I read Dylan Farrow’s harrowing open letter on the NY Times’ Op Ed page about how Woody Allen sexually abused and assaulted her as a child.

It made me think back to seeing Manhattan when it first came out.  I don’t remember what friend I saw it with, but I do remember stopping whoever it was, who was going on and on about the breathtaking black and white cinematography and how New York had never looked better on film, and how romantic it was, to say, “It’s not romantic.  It’s about pedophilia!  I don’t care how beautifully it’s shot, it’s a disgusting movie that is glorifying child molestation and everyone involved in it should be called out on that.”

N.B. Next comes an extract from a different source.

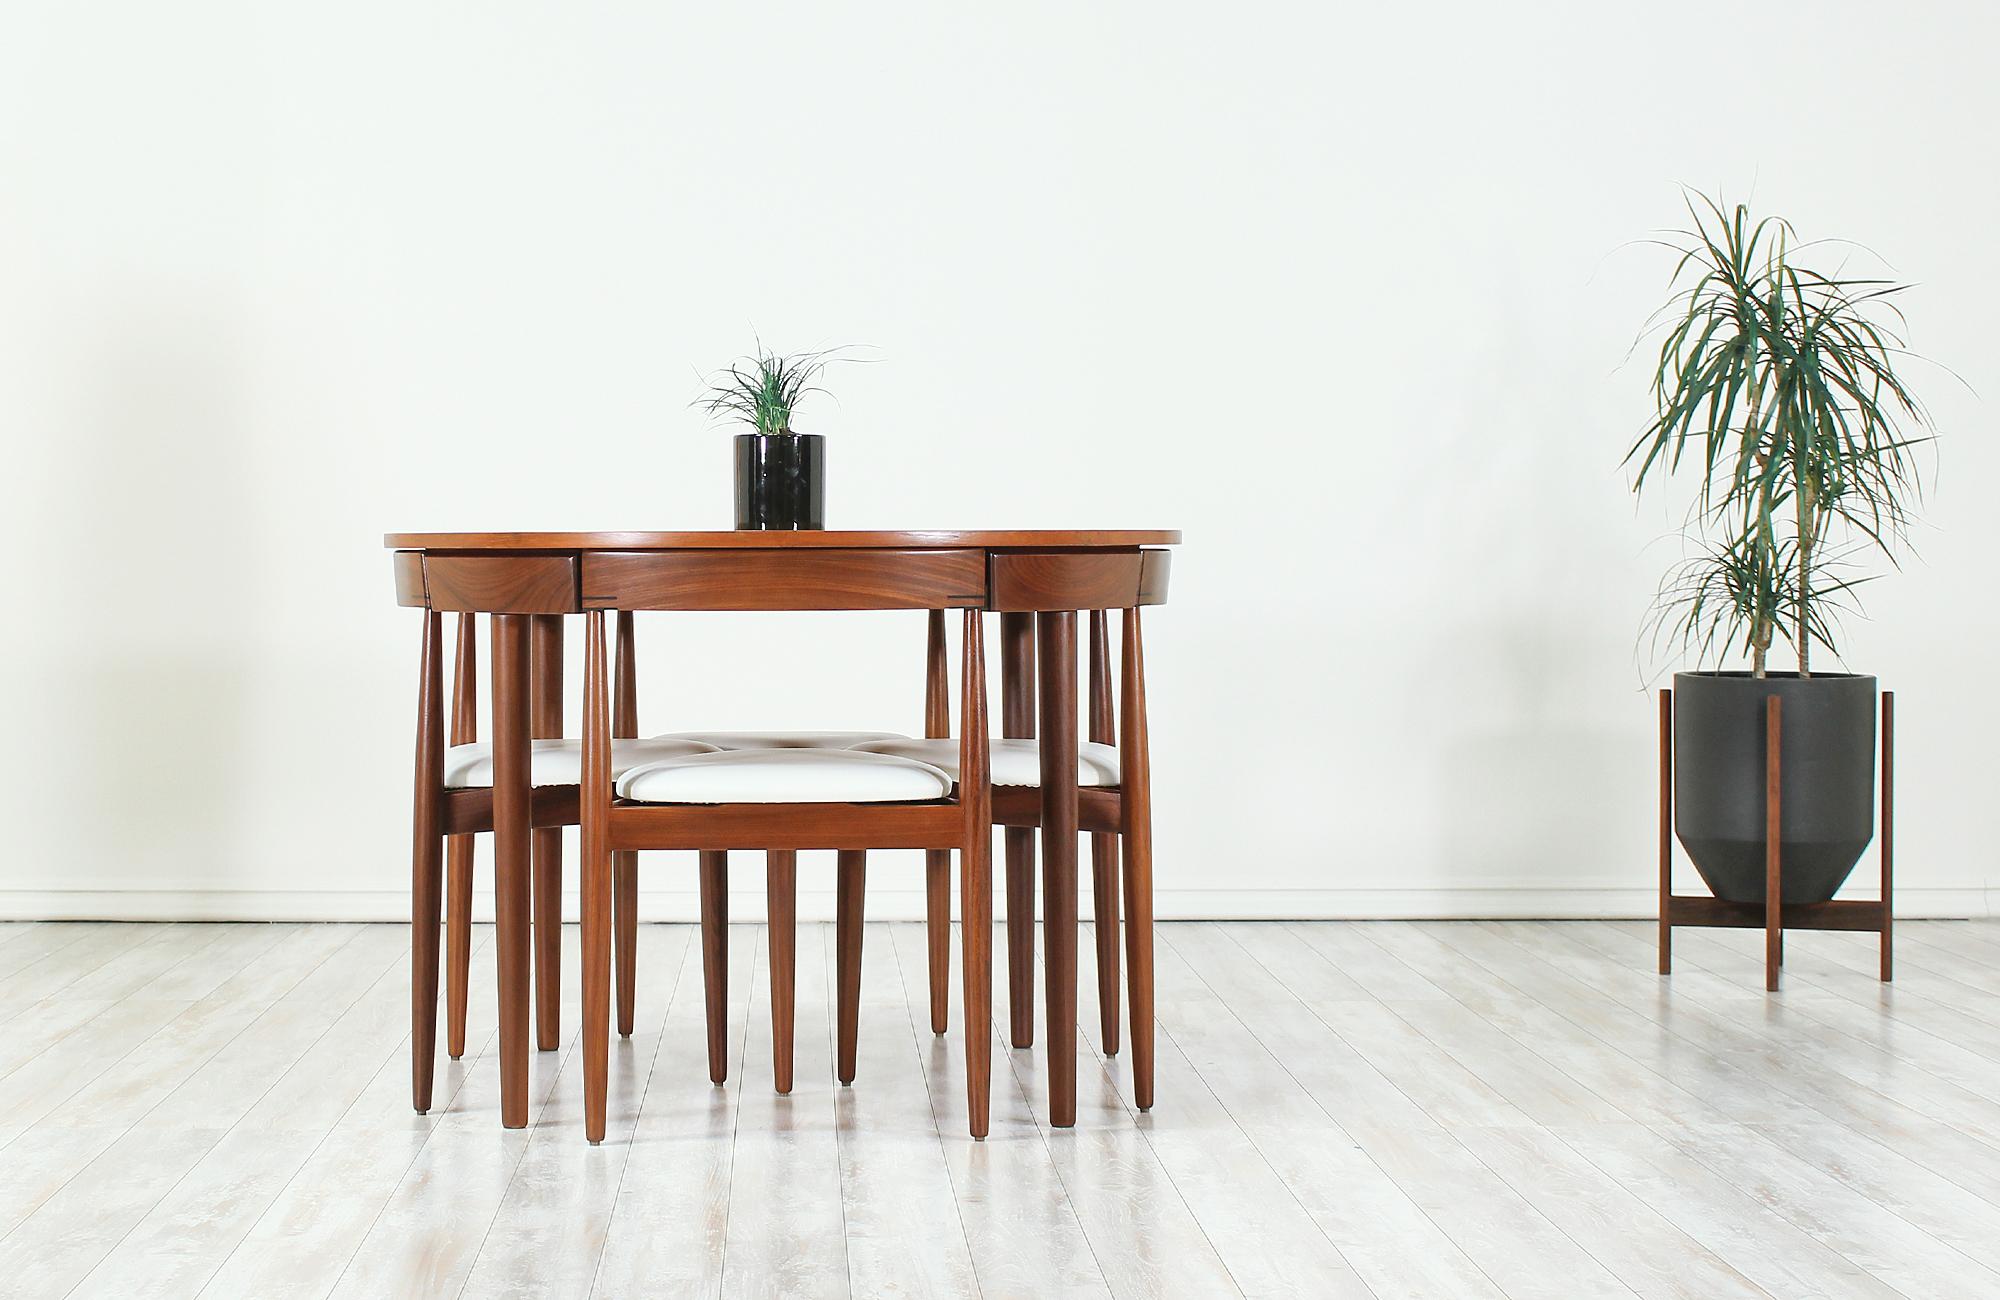 Unique “Roundette” dining set designed by Hans Olsen for Frem Rølje in Denmark, circa 1960s. This striking dining set features a teak wood round table and four dining chairs. The dining chairs seamlessly tuck into the table with their curved back

Years later, when news of Allen’s relationship with his step-daughter Soon-Yi Previn and the first reports of his abuse of Dylan Farrow broke, we learned that Manhattan wasn’t just a movie glorifying pedophilia…. it was Woody Allen unashamedly sharing his sexual fantasy (or was it even then a reality?) with the world.  I remember at the time, how, despite the fact that Allen had been a father figure to Farrow’s children, how despite the fact that there were nude photos he had taken of the teen-age Previn, Team Allen swamped the media with stories that portrayed Mia Farrow as a crazy woman, and Dylan as a pawn in her mother’s hands, and his relationship with Soon-Yi as a perfectly normal love affair (Hey, that’s how they sold Manhattan). And legions of Hollywood’s elite (friends and colleagues or wannabe friends and colleagues of Woody Allen) took to the media to proclaim their unquestioning support for Mr. Allen and their unwaivering belief in his innocence. (It might be interesting to track how many wound up with roles in subsequent projects or were granted major interviews with the reclusive Mr. Allen).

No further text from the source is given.